A intervenção de Weber veio no momento certo, quando o marxismo - em particular o marxismo vulgar - reduziu as práticas e crenças "não económicas", a superestrutura, a uma base determinada, o modo de produção. Do mesmo modo, a filosofia especulativa impunha as suas próprias categorias metafísicas a diversas realidades concretas, tornando assim um determinado caso a-histórico. Weber aborda ambos os métodos, materialista e puramente idealista, como "igualmente possíveis, mas cada um deles não serve como preparação, mas como conclusão de uma investigação". [10] Para provar este ponto, Weber demonstrou como a ética e a moral desempenharam um papel significativo na ascensão do capitalismo moderno.
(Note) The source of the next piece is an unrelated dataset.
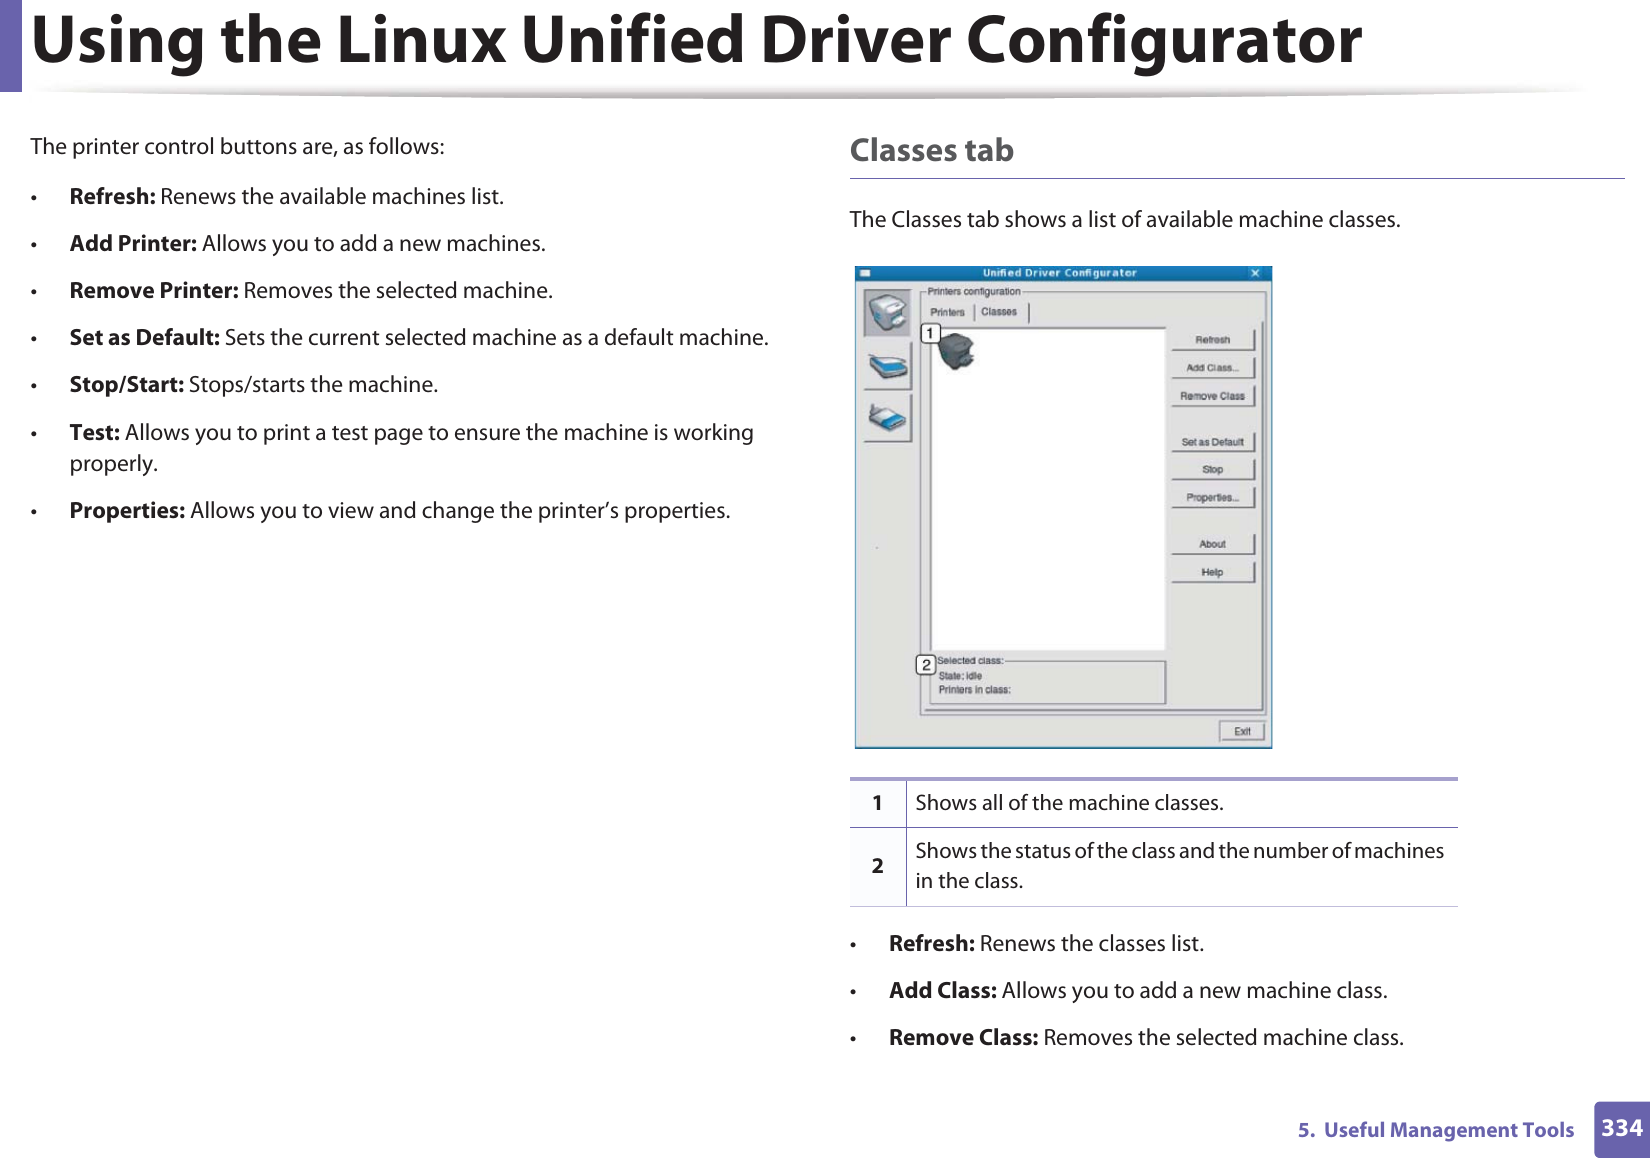 Using the Linux Unified Driver Configurator3345.  Useful Management ToolsThe printer control buttons are, as follows:•Refresh: Renews the available machines list.•Add Printer: Allows you to add a new machines.•Remove Printer: Removes the selected machine.•Set as Default: Sets the current selected machine as a default machine.•Stop/Start: Stops/starts the machine.•Test: Allows you to print a test page to ensure the machine is working properly.•Properties: Allows you to view and change the printer’s properties. Classes tabThe Classes tab shows a list of available machine classes.•Refresh: Renews the classes list.•Add Class: Allows you to add a new machine class.•Remove Class: Removes the selected machine class.1Shows all of the machine classes.2Shows the status of the class and the number of machines in the class.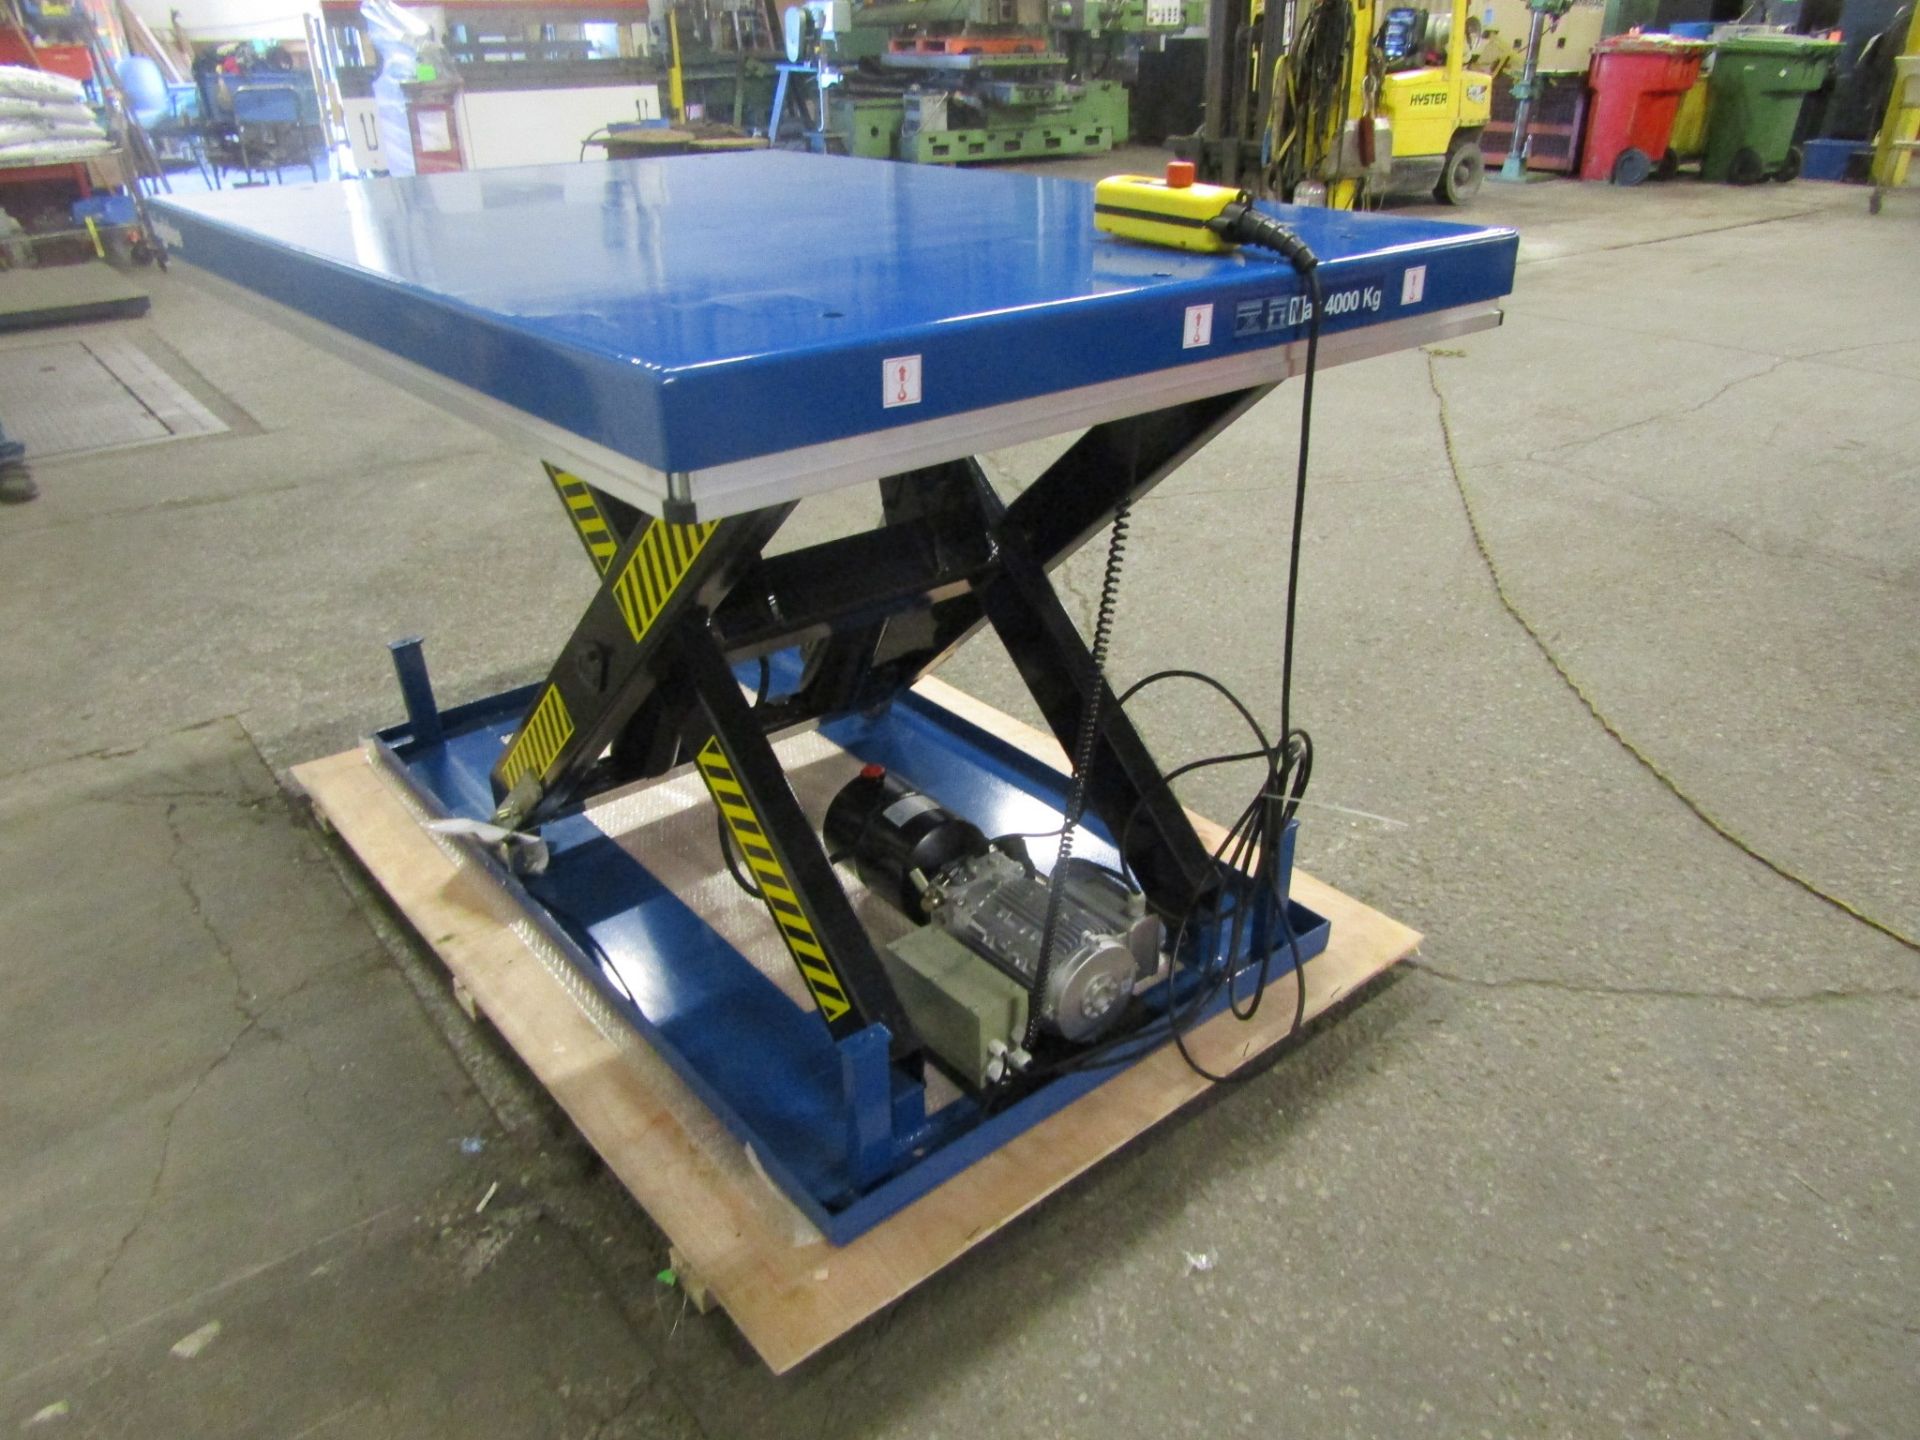 HW Hydraulic Lift Table 32" x 52" x 40" lift - 4000lbs capacity - UNUSED and MINT - 115V - Image 2 of 2

A ética do trabalho protestante, por exemplo, funcionou como um mecanismo sofisticado que incentivou a população a "cuidar de si", o que serviu de atividade social subjacente ao capitalismo burguês. É claro que a ética do trabalho não foi o único elemento, a filosofia utilitarista contribuiu igualmente para a formação de uma cultura de trabalho burocrática cujos efeitos secundários são bem conhecidos do mundo moderno. [9]

Em resposta à abordagem redutora do economicismo ou marxismo vulgar, como também é conhecido, Louis Althusser e Raymond Williams introduziram uma nova compreensão do pensamento marxista. Althusser e Williams introduziram a política e a cultura como novos pontos de entrada, a par do modo de produção, na metodologia marxista. No entanto, existe um forte contraste entre os argumentos dos académicos. Tomando Williams como ponto de discussão, ele critica a abordagem mecanicista do marxismo que encoraja uma leitura atenta dos conceitos marxianos. Conceitos como o ser, a consciência, a classe, o capital, o trabalho, a força de trabalho, a mercadoria, a economia, a política, etc. não são categorias fechadas, mas sim práticas ou práxis interativas, envolventes e abertas.[11] Althusser, por outro lado, propõe a "sobredeterminação" como forças múltiplas em vez de uma força única ou modos de produção isolados. No entanto, defende que a economia é "determinante em última instância". [11]

Sistemas fechados[editar | editar código-fonte]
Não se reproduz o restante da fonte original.